Des grands modèles de langage (LLM) aux grands modèles quantitatifs (LQM)
La bataille en cours des géants de la tech sur les LLM est connue de tous. L'ambition sous-jacente est de construire une représentation complète de la connaissance humaine, dans l'espoir d’aboutir à une forme d’IA générale utile au plus grand nombre. Le problème est que le langage est une représentation trop parcellaire et compressée de la réalité pour en capturer toute sa complexité. On tente alors de combler ce vide en y ajoutant des images, du son, des
vidéos.
Une voie complémentaire a récemment émergé : apprendre directement aux IA les équations mathématiques fondamentales des lois de la nature. C'est le concept de Large Quantitative Model (LQM), notamment théorisé par SandboxAQ. En s'ancrant dans les principes scientifiques, ces LQM visent à réduire drastiquement l'incertitude inhérente aux LLM. Ceci leur permet de simuler, prédire et optimiser avec une précision et une fiabilité compatibles avec les
exigences de la biologie, de la chimie ou de la science des matériaux.
Le quantique comme fournisseur de vérité pour l'IA
Les lois physiques les plus précises dont nous disposons aujourd'hui sont celles de la mécanique quantique. Mais leur application numérique, indispensable pour produire des données d’entraînement, impose un arbitrage difficile entre précision et performance. Même les plus puissants supercalculateurs actuels ne peuvent simuler que de petits systèmes avec une grande précision. Au-delà, la complexité exponentielle devient vite ingérable.
C’est ici que la convergence entre quantique et IA entre en jeu. Le calcul quantique génère des représentations précises du monde, mais son coût explose avec la taille du système modélisé. L’IA excelle à extraire des schémas généraux à partir d'une multitude d'exemples, mais sa pertinence dépend de la qualité des données d'entraînement. La synergie est donc naturelle : utiliser le calcul quantique pour générer des "vérités fondamentales" et entraîner l'IA pour
construire un modèle général.
Cette stratégie est déjà à l'œuvre, en utilisant la puissance du calcul haute performance classique. Ce faisant, elle prépare le terrain pour le jour où des ordinateurs quantiques matures pourront fournir des données d'entraînement encore plus précises, sur des systèmes plus complexes, créant un cercle vertueux de renforcement.

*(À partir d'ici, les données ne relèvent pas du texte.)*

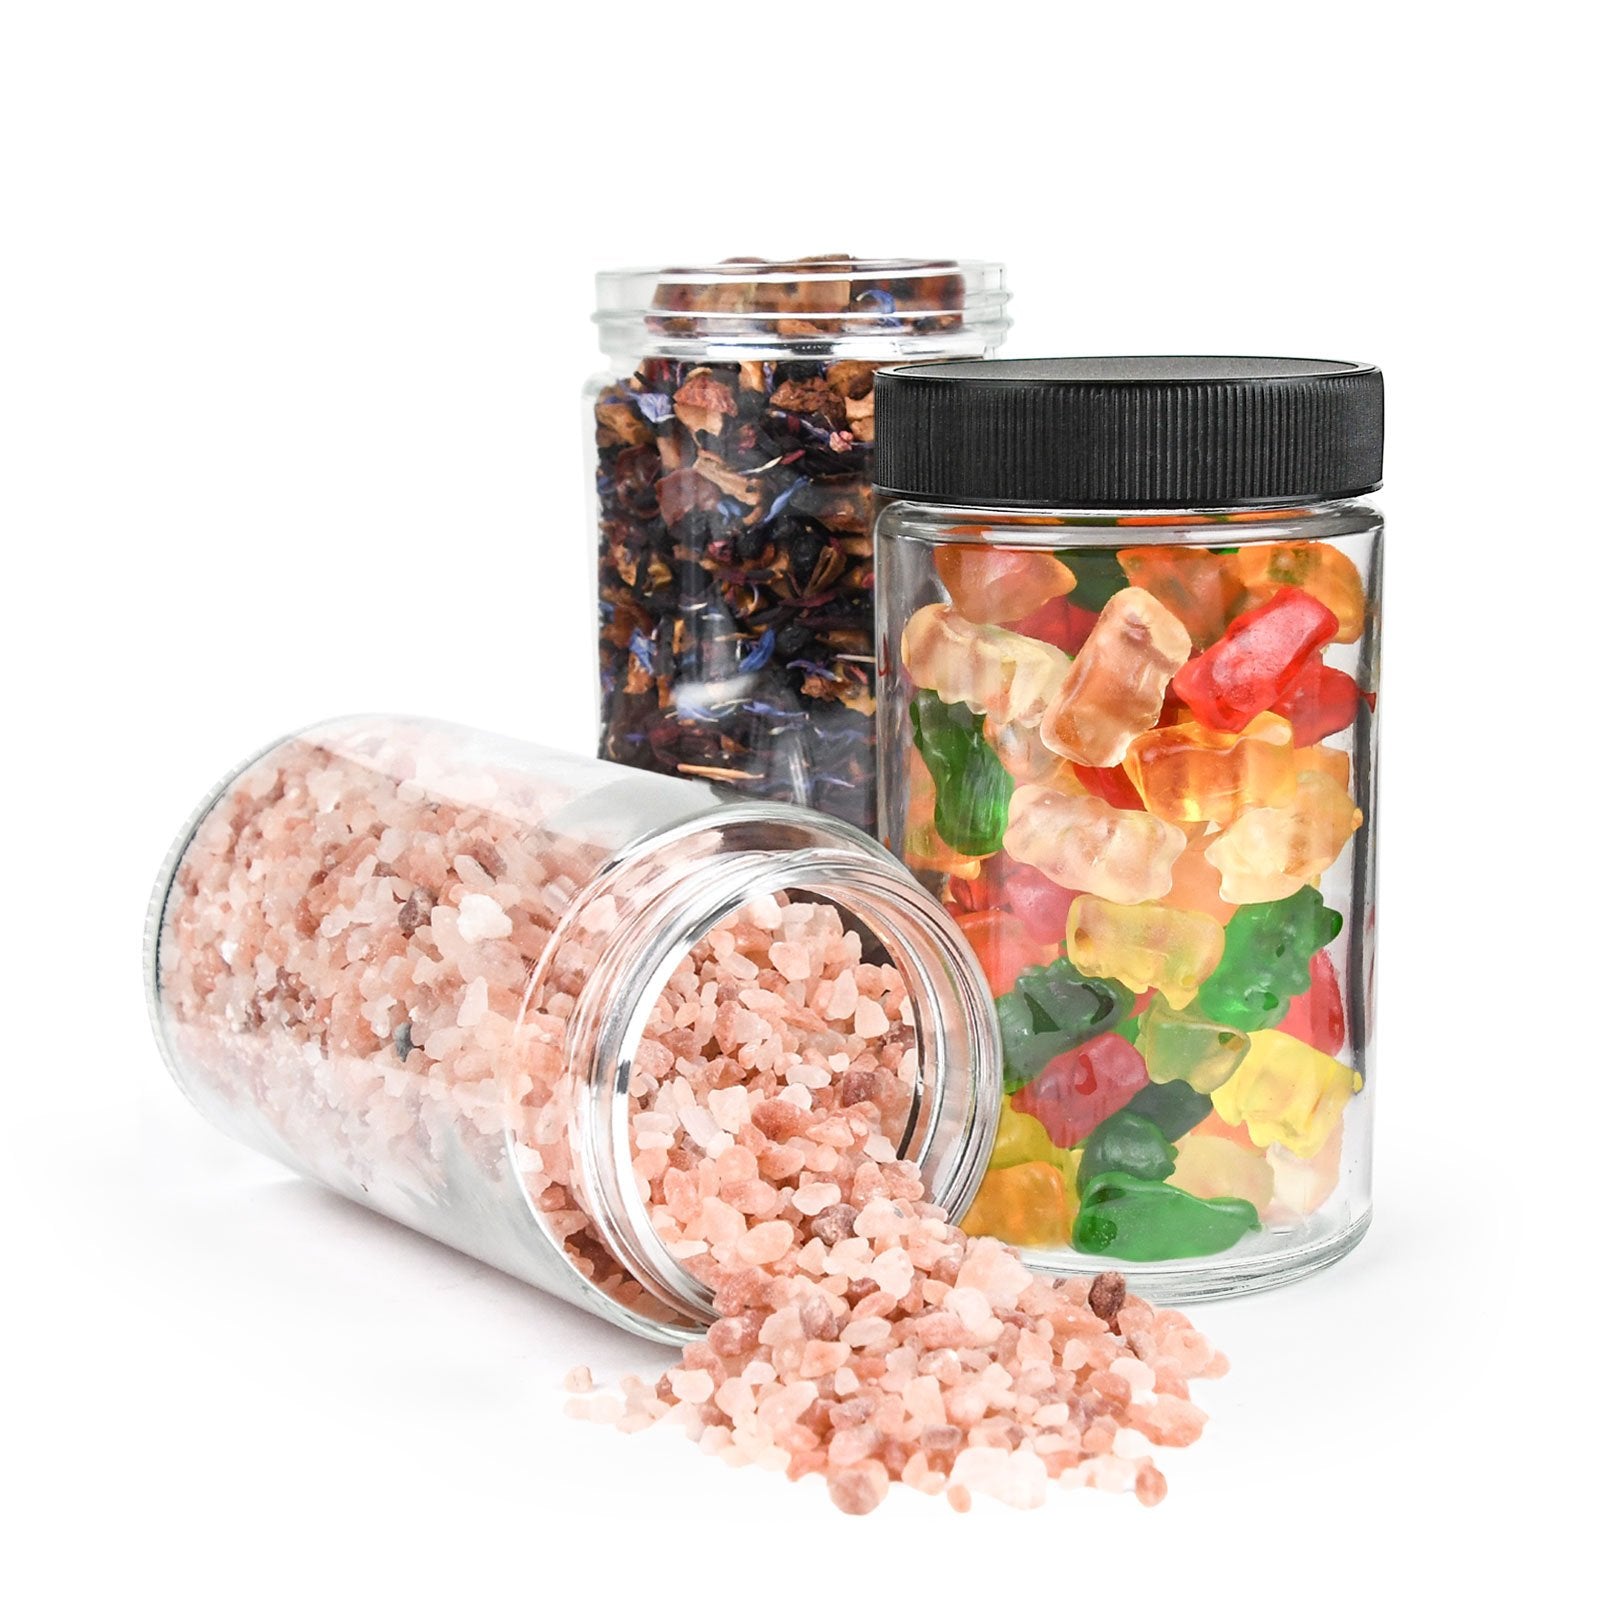 18oz Glass Jars With Black Caps - 28 Grams - 1 Count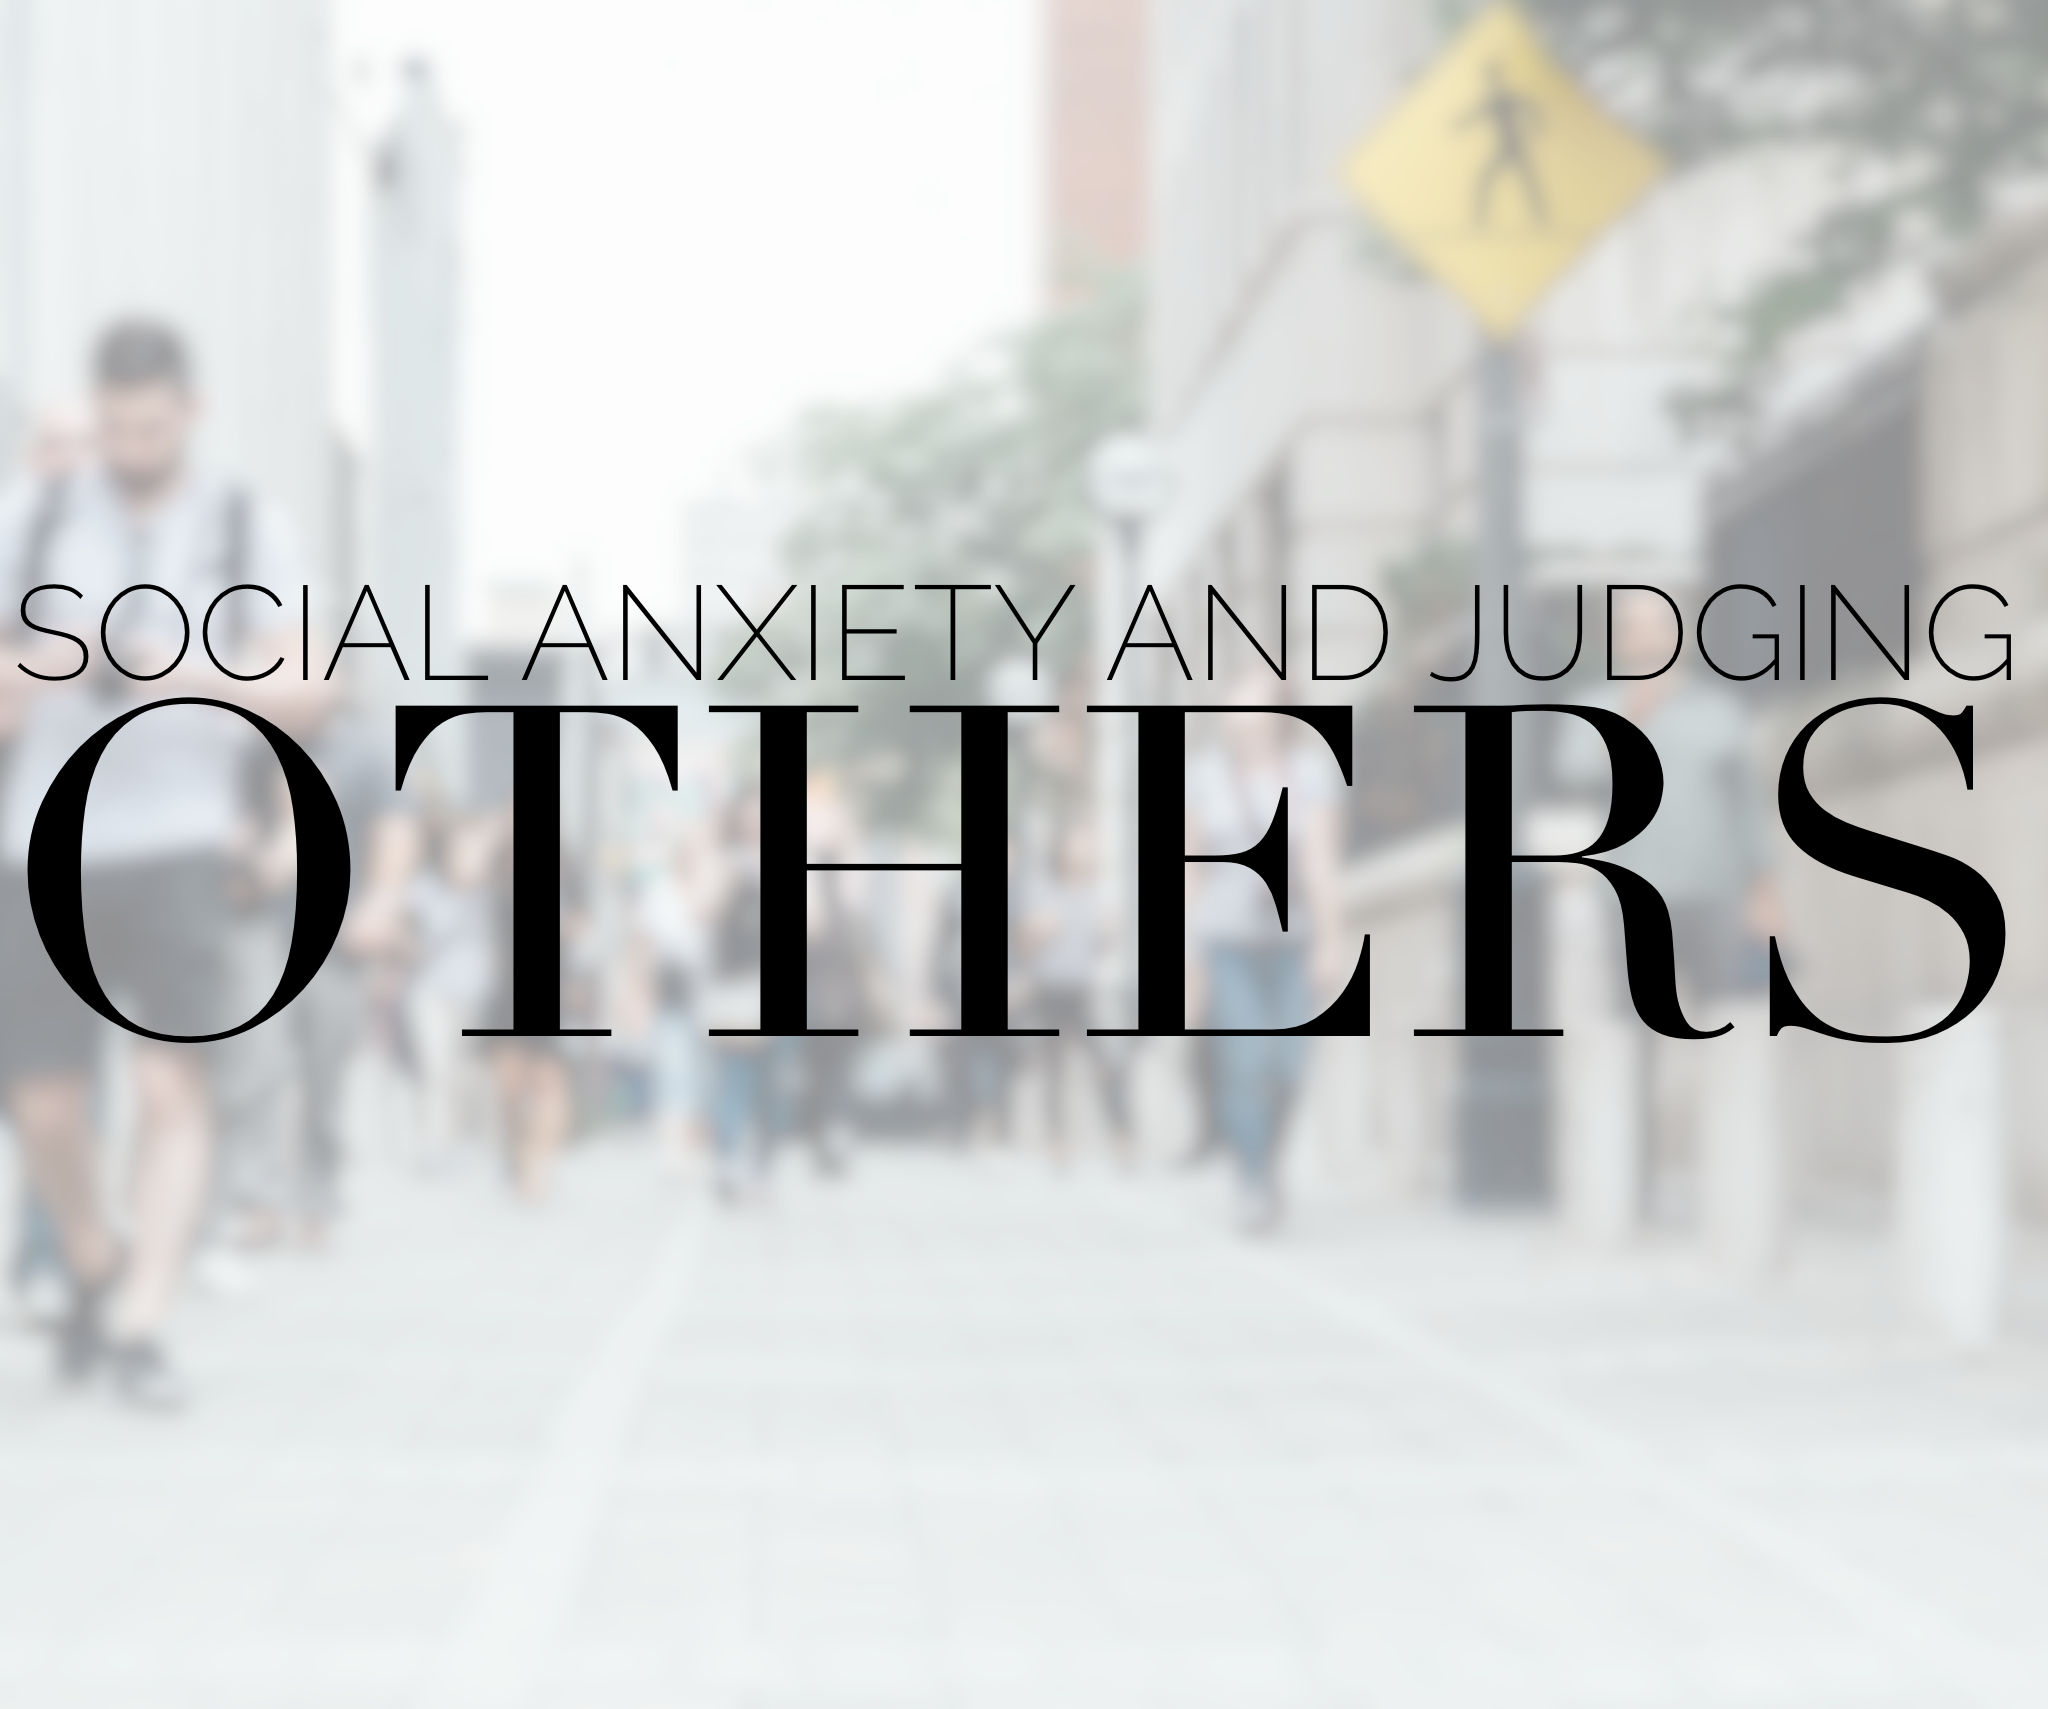 social anxiety and judging others devotional diva

L'excellence scientifique face au mur du produit et des données massives
La course mondiale pour bâtir le modèle "quantum AI" de référence est donc bien lancée. La France et l'Europe sont particulièrement bien positionnées, et démontrent une avance scientifique grâce à leur écosystème de recherche de premier plan. Un exemple notable est la publication récente, par Qubit Pharmaceuticals et Sorbonne Université, du premier LQM (FeNNix-Bio1) permettant la simulation moléculaire directement à partir des principes physiques fondamentaux des électrons. Ce modèle permet de prédire les interactions chimiques et les réactions physiques avec une fidélité jamais atteinte par les logiciels de modélisation traditionnels. Il représente ainsi d’ores et déjà un changement de paradigme pour la chimie pharmaceutique, et ouvre la voie vers un modèle de fondation aux capacités générales.
L’histoire du numérique démontre néanmoins que cette excellence scientifique n’est jamais suffisante. Il faut savoir la transformer en un produit désirable, intelligible et pouvant apporter une valeur tangible à un grand nombre d’utilisateurs. La complexité scientifique doit s’effacer et seule l'excellence produit et opérationnelle nous évitera d'être distancés sur le terrain du leadership technologique. Ceci requiert une vision claire, une discipline d'exécution et une
maîtrise technique absolue, en particulier dans la gestion de données massives. Les calculs quantiques génèrent en effet des volumes de données scientifiques se chiffrant en dizaines de pétaoctets – un défi d'ingénierie majeur nécessitant des pipelines robustes, extensibles et auditables.
Un appel aux bâtisseurs du futur scientifique
Cette transformation de l’excellence scientifique en leadership technologique est exigeante. Elle requiert des compétences et des savoir-faire pointus.
Si vous êtes de ceux qui croient que la prochaine révolution scientifique se construira à l'intersection de la recherche fondamentale, de l'IA et d'une approche produit rigoureuse et créative, alors l'aventure ne fait que commencer. Le chantier est immense, mais il est à la mesure des enjeux.